Each system is designed to shoot missiles out of the sky at different altitudes, with the most recent version of Arrow designed to intercept missiles in space, known as “exo-atmospheric” interceptions. Videos from bystanders caught at least one of these rare sights last Tuesday.

“The idea is to shoot down the missile as far away from Israel as possible, preferably over the enemy’s territory,” Mr Kalisky told The Telegraph. Should that fail, the next layers are ready to shoot down the missile as the altitude lowers.

David’s Sling and finally the Iron Dome can shoot down the missile when they are close enough to the ground,” Mr Kalisky said.

Experts said the videos suggest Israel may not have enough air defence units or intercepters to catch such a heavy barrage.

Some observers also voiced concern about the speed of the missiles.

Fabian Hoffman, a missile expert and doctoral research fellow at the Oslo Nuclear Project, said the footage clearly shows the “extraordinary speed in real time, some 600/700 m per second, they are incredibly fast”.

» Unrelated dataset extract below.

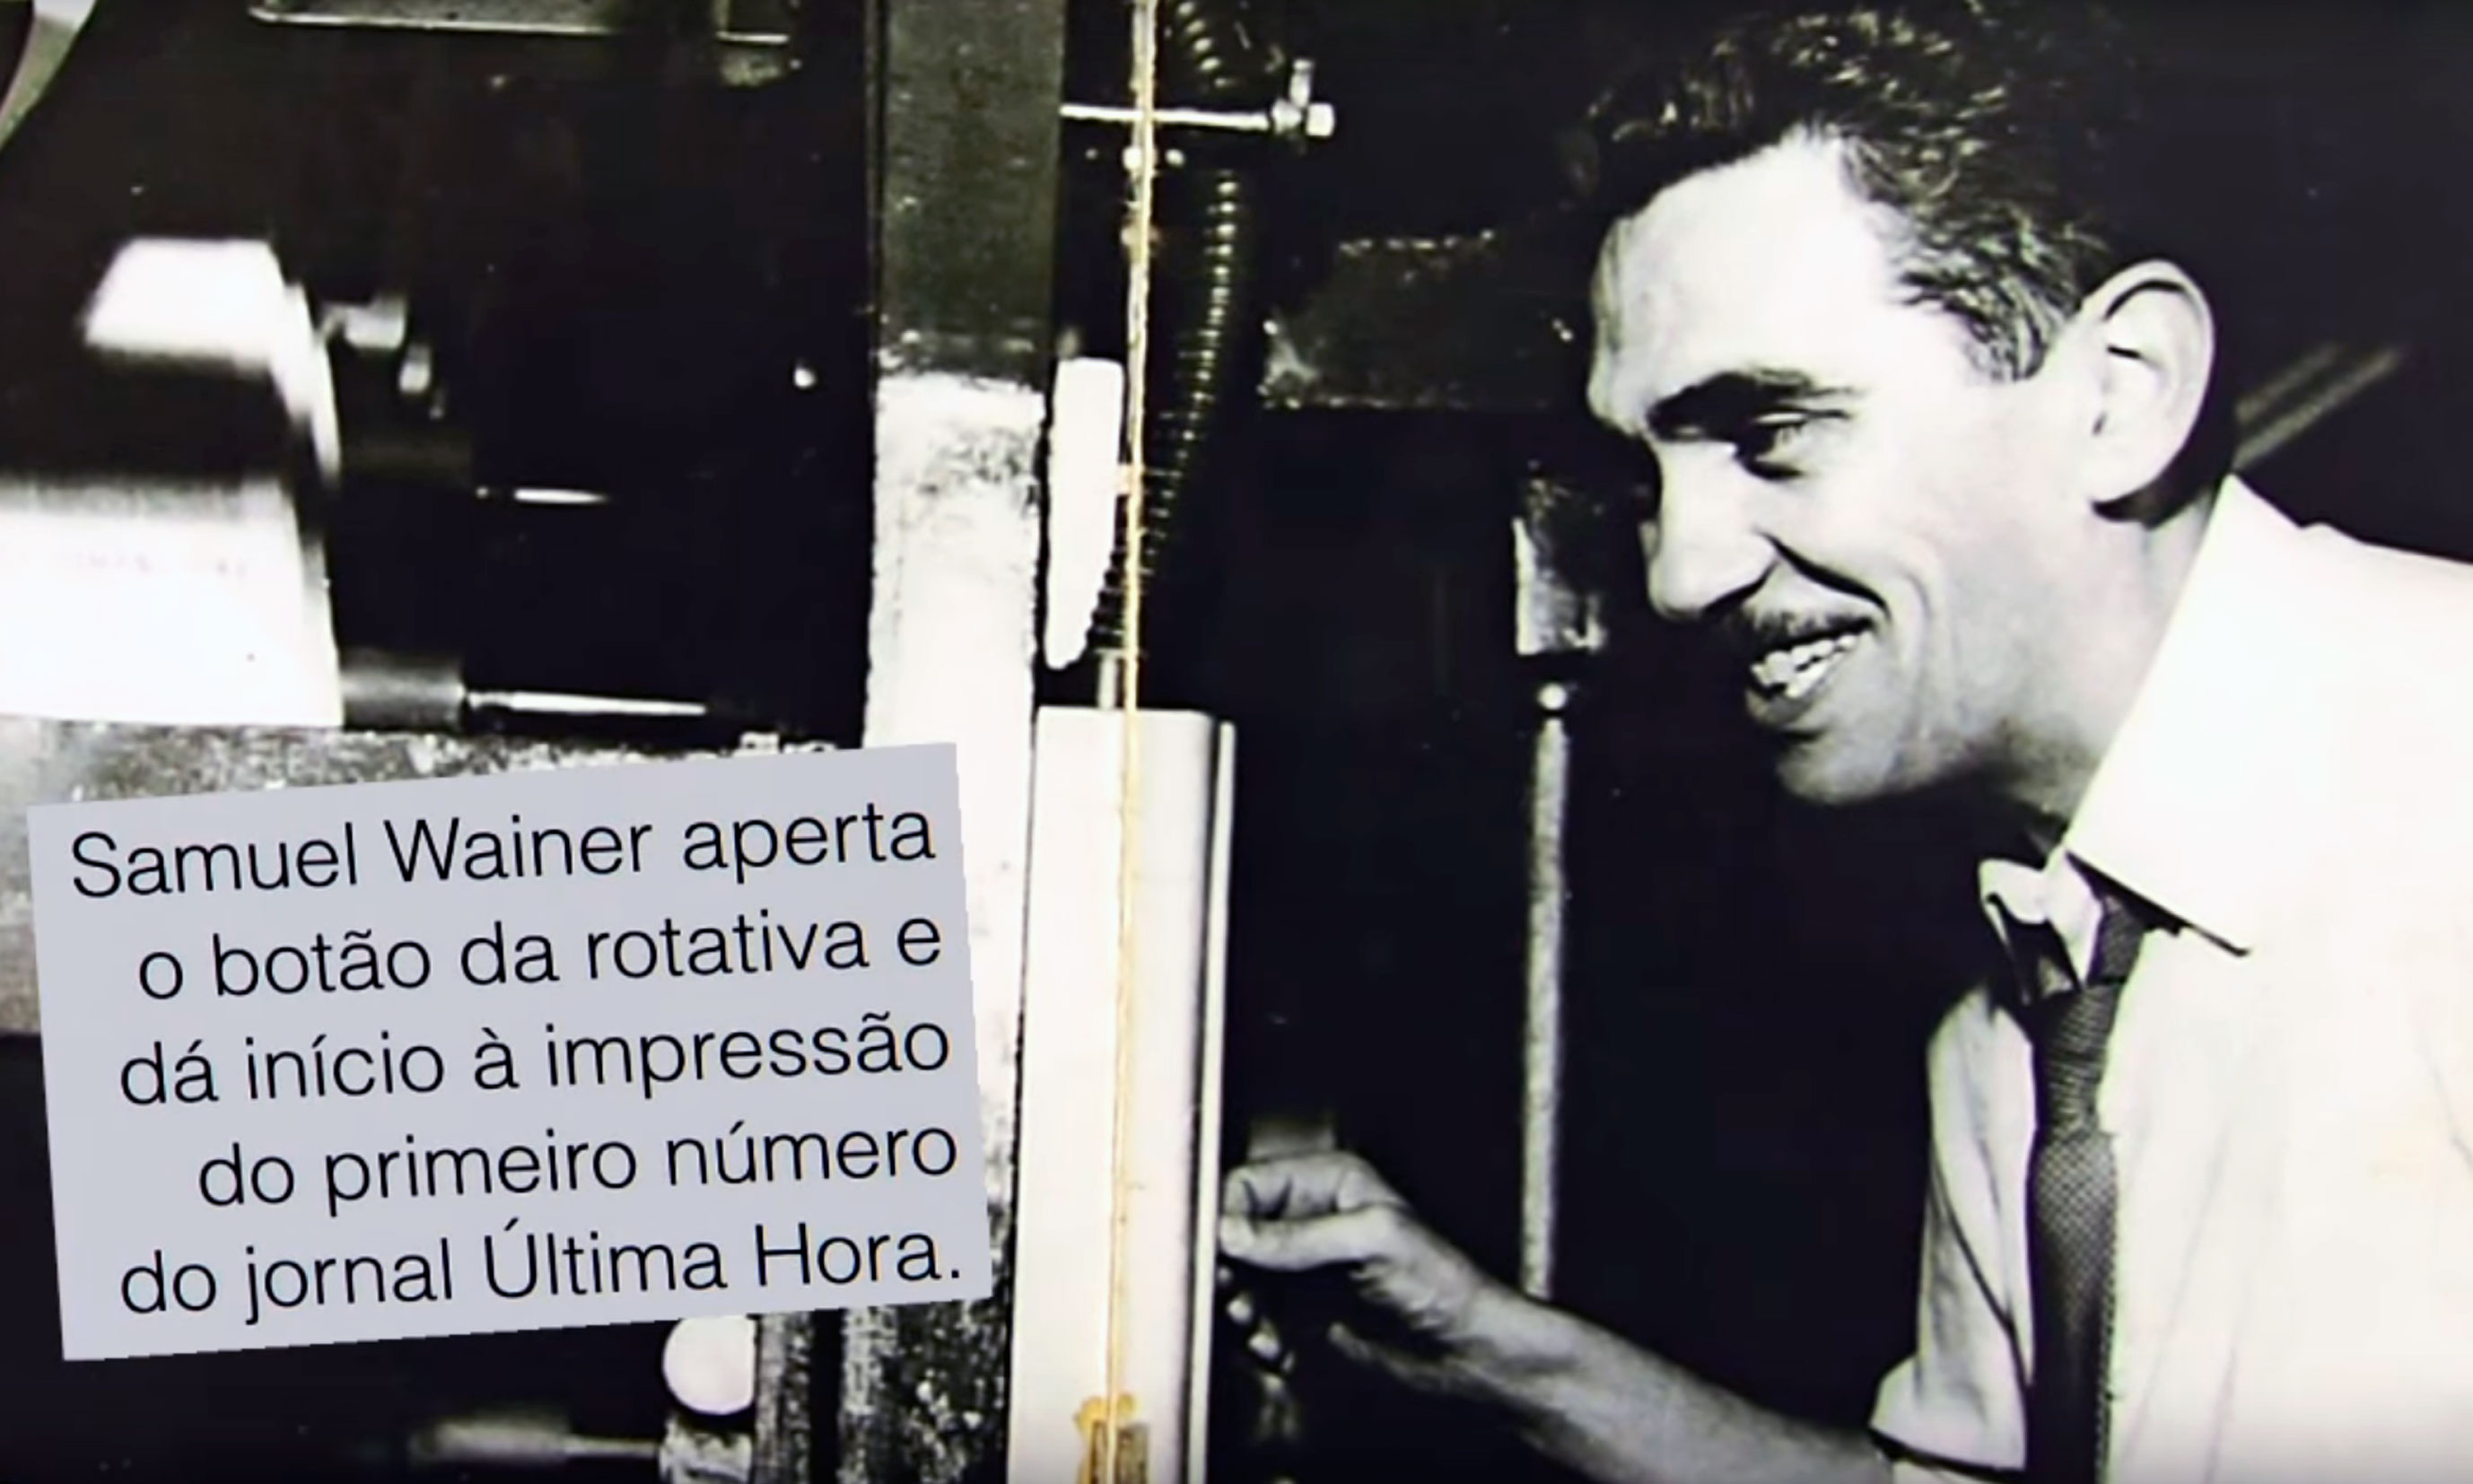 Exposição “Última Hora - Imagens de um Acervo” traz as memórias do jornal carioca do jornalista Samuel Wainer

All of the missiles Iran fired were “hypersonic in essence until they re-enter the atmosphere and are slowed down,” he added.

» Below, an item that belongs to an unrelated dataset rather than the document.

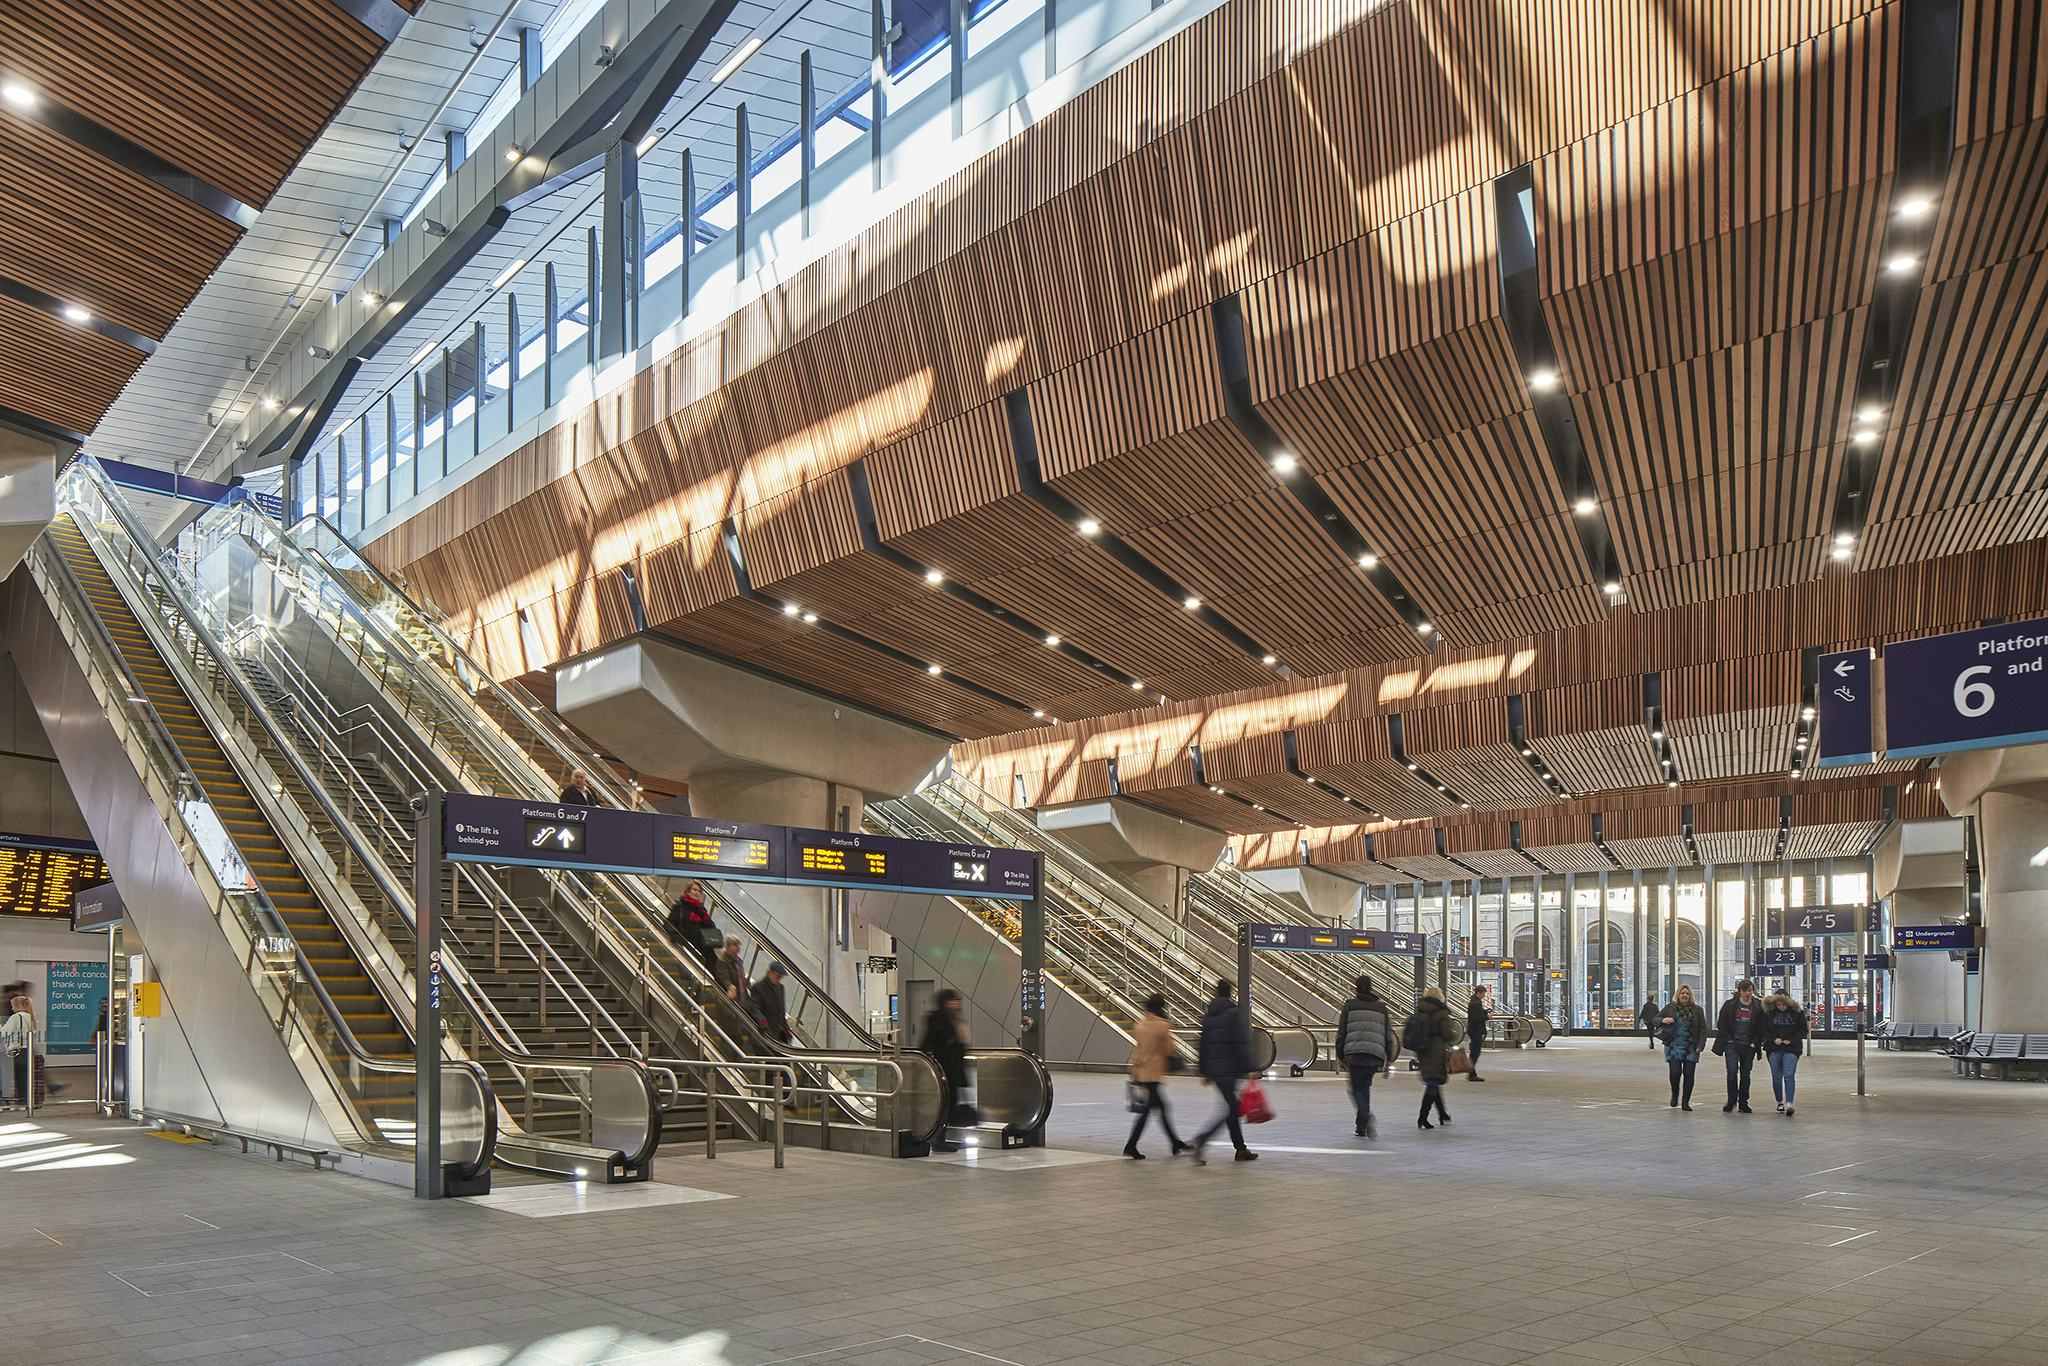 Londen Bridge Station is een van de genomineerden. Beeld Paul Raftery

While Hezbollah sometimes fires hundreds of rockets at Israel in a short span of time, most of them are less advanced and are intercepted more easily.

What Iran hit

Israel initially downplayed the damage caused by the attack, but later admitted that several military bases were hit – although no aircraft or critical infrastructure were damaged.

A satellite image the company Planet Labs later revealed that the Nevatim Air Base had been impacted in 30 different places, damaging hangars and buildings.

A large crater from a missile was also found near the Israeli intelligence headquarters of Mossad in Glilot, north of Tel Aviv.

In total it is estimated that more than two dozen missiles broke through air defences. Some 20 missiles struck the Nevatim air base, while three missiles hit the Tel Nof base in central Israel.

Dr Kalinsky said it appeared that the Arrow system hit the engines on some of the missiles but that they continued to fly and eventually fell on the ground.

Debris from missiles was indeed found 
both in the West Bank and inside Israel following the attack.

The other flaws


While most of the attention has been drawn to 
Iran’s direct attack, Israel has been fending off smaller scale attacks since last October.

Some experts fear that the rise in drone attacks in particular have exposed a possible flaw or achilles heel in the Iron Dome.

Hundreds of drones have been launched from Iran, Iraq, Yemen, Lebanon and Syria in the past year, killing several people and causing severe damage to buildings, roads, and homes.

They fly at a low altitude, often under the Iron Dome’s radar, forcing the Israel Defense Forces (IDF) to manually detect and shoot them down. In July, an Iranian-made drone flew 2,000 km from Yemen before striking an apartment in Tel-Aviv, killing a civilian.

What next?

Security experts have warned for years that a major coordinated missile attack by Iran and its proxies could overwhelm the air defence system and cause huge destruction to civilian areas.

After last Tuesday’s attack, the evidence suggests 
a full-scale Iranian ballistic missile barrage hitting a densely populated area could kill hundreds of people.

Dr Kalinsky said “a direct hit will destroy some of the buildings” if an attack was launched at Tel-Aviv, for instance. But he said civilians would likely have time to get to bunkers owing to early warning systems. However, he warned that even an indirect hit would cause significant damage to infrastructure through powerful shockwaves.

While attacking civilian areas would be a major escalation, the prospect of an all-out war between Israel and Iran has heightened concerns.

However, experts like Dr Kalinsky caution that a larger missile barrage takes time and preparation, and would likely be detected in advance.

Israel is considered to have one of the best air defence systems in the world, and certainly one of the most densely deployed.